И не трудно предположить, что среди всех мнений, прозвучавших на заседании «Круга», слова Адамовича и Вильде вызвали бы у Гайто наибольшее одобрение. Хотя тогда, осенью 1938-го, он еще не мог подозревать, во что выльется этот отвлеченный разговор с выяснением позиций на будущее. Как не мог он предвидеть того, что через два года немолодой, больной пороком сердца Георгий Викторович Адамович подтвердит свои слова на фронте с оружием в руках, а Борис Вильде будет расстрелян в застенках гестапо за антифашистскую пропаганду. В то время у русских, как и у французов, еще был соблазн поверить премьер-министру Великобритании Чемберлену, вернувшемуся в Лондон после подписания Мюнхенского соглашения 1938 года со словами: «На нашу землю пришел мир». Еще никто не знал о словах Гитлера, сказанных Муссолини накануне подписания мюнхенского сговора: «Придет время, когда мы вместе должны будем разгромить Англию и Францию. Надо, чтобы это произошло, пока мы останемся во главе». Еще никто на русском Монпарнасе — ни участники «Круга», ни сам Гайто – не мог предвидеть, как будущей весной немцы забудут о своем обещании, что Судеты — их последняя территориальная претензия. Немецкие колонны будут маршировать по Праге — городу, куда с надеждой посылали они с друзьями свои первые рассказы. Как не ожидали они, что ровно через год, 3 сентября 1939 года, на третий день оккупации Польши, Франция окажется в состоянии войны с Германией и всем иностранцам будет предложено подписать декларацию на верность Французской республике. Ни Газданов, ни Варшавский, ни Адамович, ни Вильде не знали, что свой выбор им надлежит сделать так скоро. Но, как только война была объявлена, Гайто решил поставить свою подпись под декларацией без промедления.

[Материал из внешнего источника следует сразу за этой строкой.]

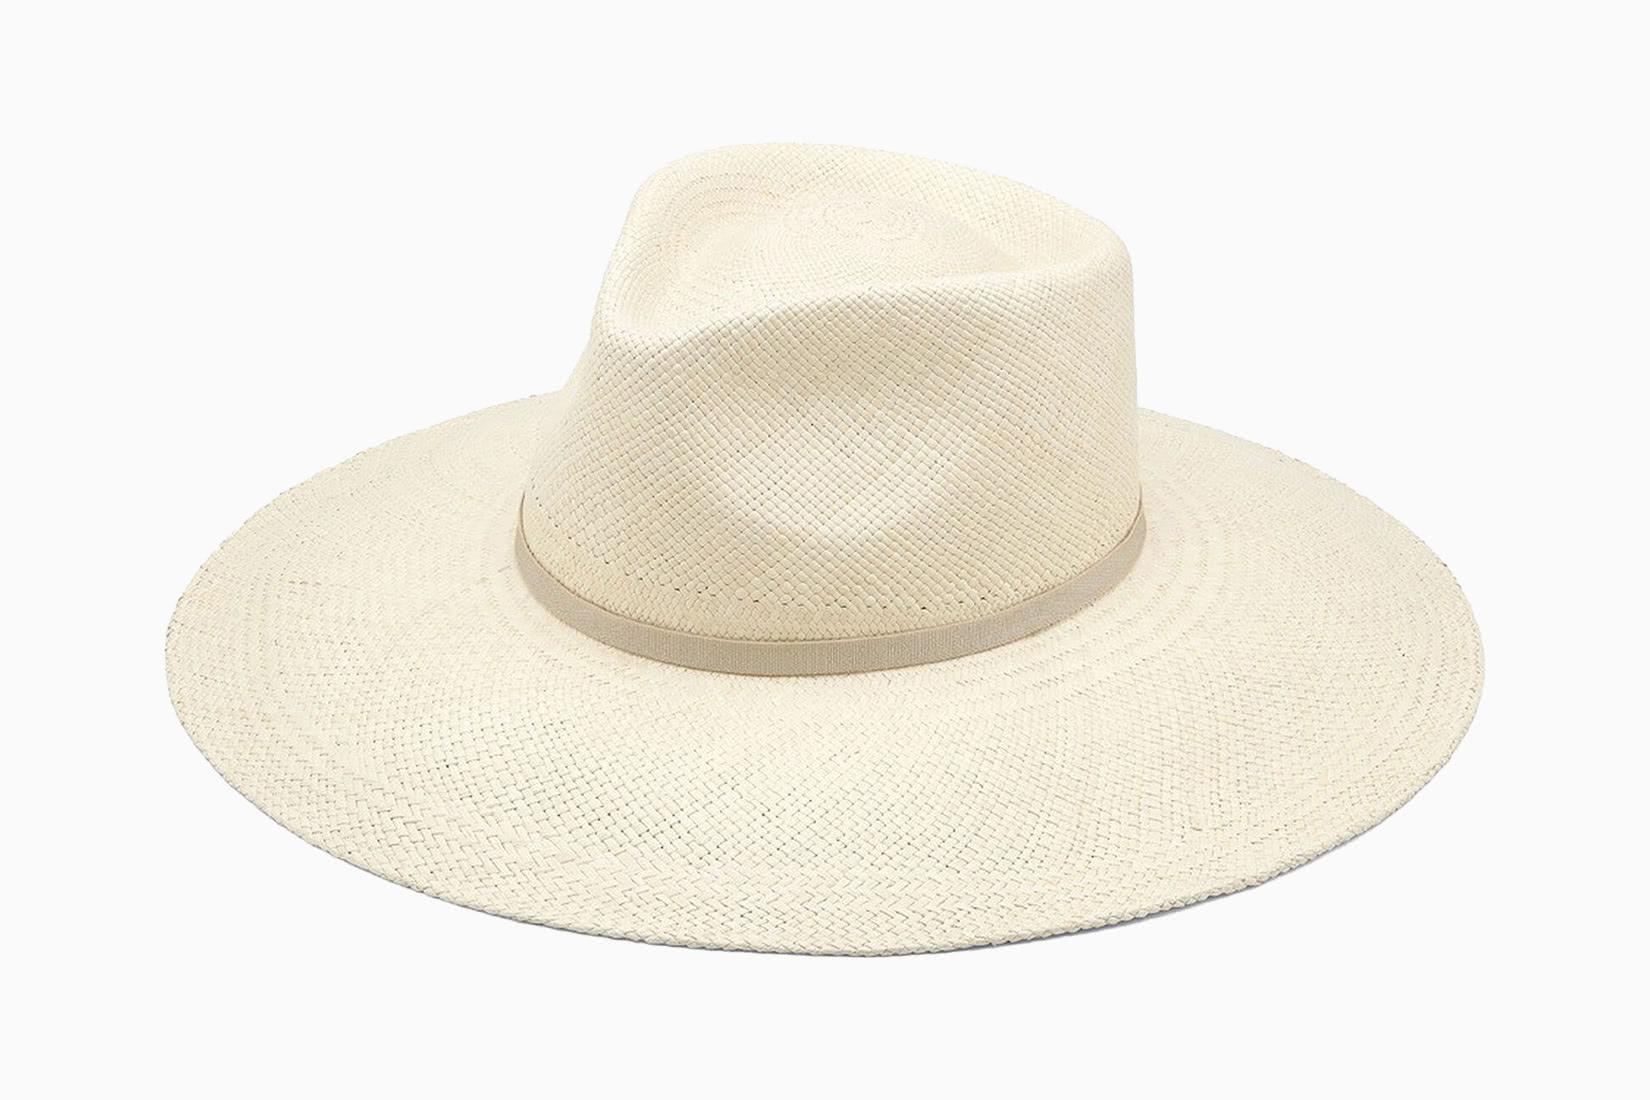 Cuyana wide brim summer hat review - Luxe Digital

Первого сентября 1939 года, выйдя из здания префектуры своего района и стоя под полуденным парижским солнцем, Гайто разглядывал удостоверение, что он, Георгий Иванович Газданов, подтверждает свою верность и преданность республике Франция. …Уже в который раз за последний год он с тоской и отвращением подумал о предстоящей войне, которой противилось все его существо, противилось куда больше, чем тогда, когда он отправлялся на свой первый фронт. И в который раз он вспомнил свой разговор с родным дядей перед отъездом на Гражданскую войну о том, на чьей стороне правда и стоит ли идти за нее воевать: «А почему, собственно, ты идешь на войну?» — и свой неуверенный ответ: «Я думаю, что это все-таки мой долг». Вспомнил нотки разочарования в дядином голосе: «Я считал тебя умнее».

И в который раз он вновь спорил с дядей. Тогда, в свои шестнадцать лет, он сделал правильный выбор. И дело было не в том, что он был естественным для юного человека, а в том, что его не покидало ощущение собственной правоты. Он даже пожалел, что не объяснился тогда с дядей до конца, так, чтобы тот его понял. «"Не кажется ли тебе, что правда на стороне белых?" — "Правда? Какая? В том смысле, что они правы, стараясь захватить власть?" — "Хотя бы"».

Но на самом деле и тогда, и сейчас Гайто имел в виду совсем другое. Он не пожелал говорить подробнее, немного стесняясь дядиной иронии по поводу своего юного пафоса, однако сегодня без смущения был готов объяснить старику – теперь-то он наверняка старик, – что ощущение правоты это не обязательно то же, что и законное право на власть. Его убежденность была основана на верности тому миру и тем идеалам, которыми он дорожил и которые подвергались разрушению. И если бы у него была возможность начать все начать сначала, то он повторил бы свой путь из Харькова в Париж, не видя другого маршрута.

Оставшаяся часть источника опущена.